The primal urgency of lead singer Bryan Nicol leads the charge with infectious melodies over a raw rockabilly stomp. By turns obnoxious and frustrated (“I Want You Back”), nonchalant (“You Don’t Belong”), heart-wrenching (“I Sleep Alone”) and downright ecstatic (“B.A.D.”) the visceral delivery of the vocals render the fact that the lyrics are largely indecipherable beside the point. The low fidelity nature of the recording captures the energy of a band having too much of a good time to care about such small matters. And the feeling is contagious.

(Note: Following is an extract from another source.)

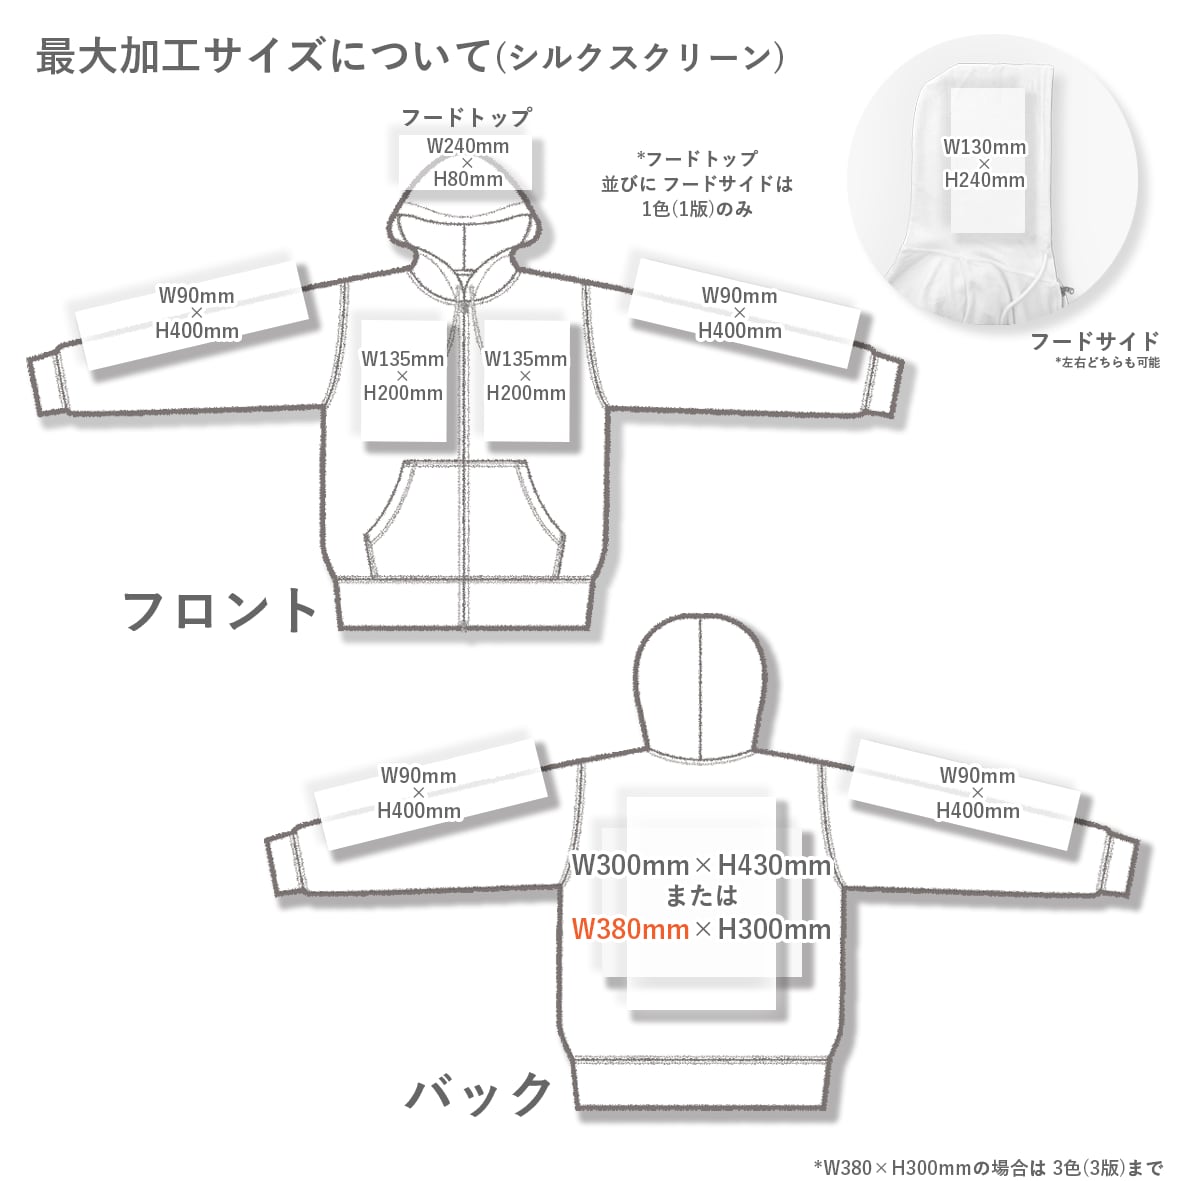 SHAKA WEAR シャカウェア Garment Dye Double Zipper Hoodie (品番SWGDDH01)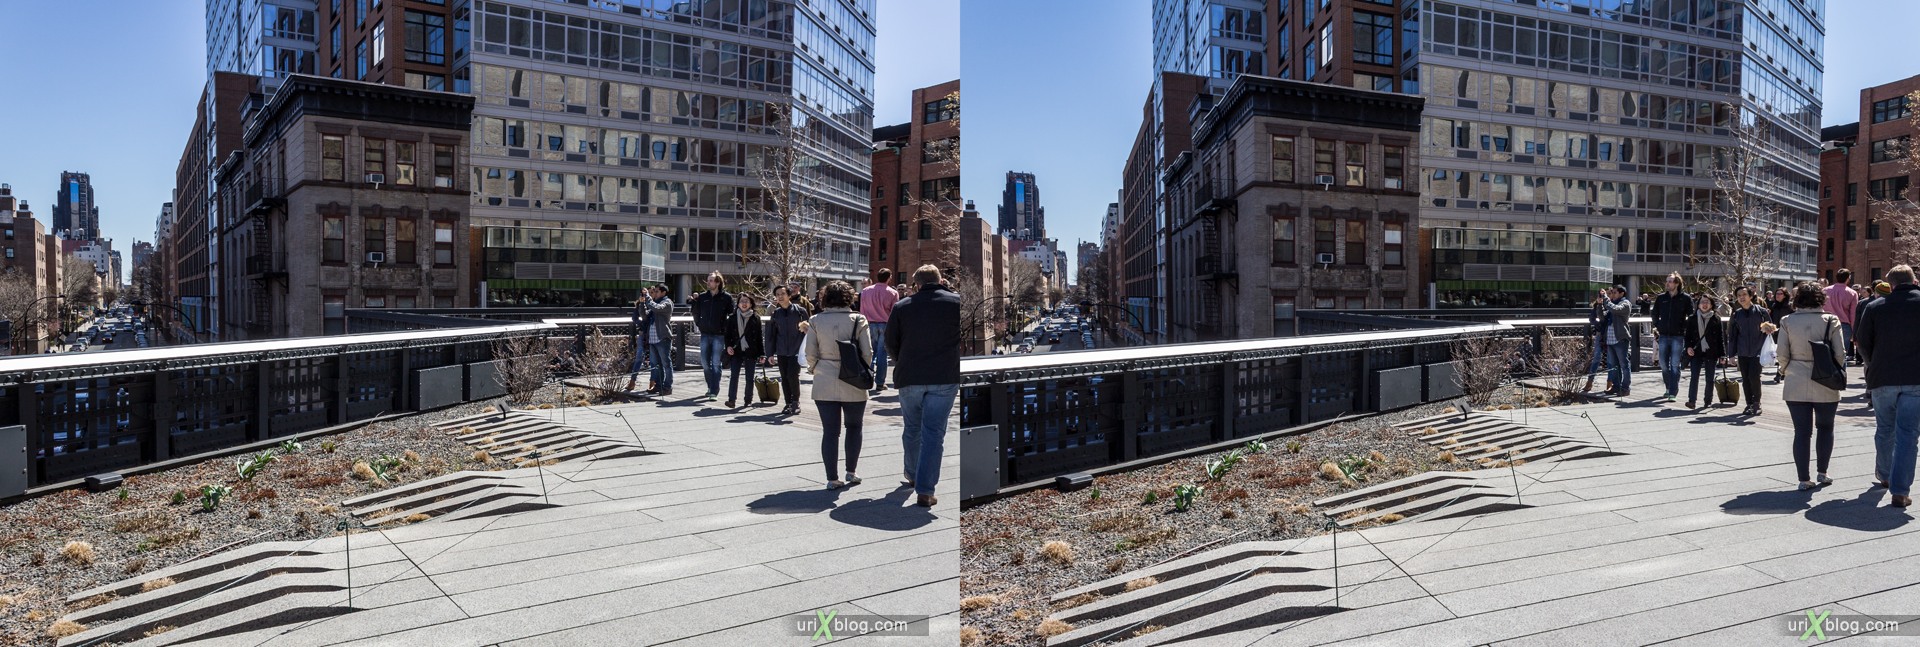 2013, High Line, park, railway, people, NYC, New York, Manhattan, USA, 3D, stereo pair, cross-eyed, crossview, cross view stereo pair, stereoscopic

Recorded on an old eight-track tape machine, the key here is in the performances. Relentless freakbeat drums, chunky driving basslines, reverberating distorted guitars and the occasional bursts of boogie-woogie piano and head-trip organ— delivered loud, energetic and ramshackle—drives the wall of sound into the red.

Dead Ghosts don’t attempt to disguise their influences; they embrace their heroes with a cavernous howl on a bed of fuzz and show us a rollicking good time in doing so.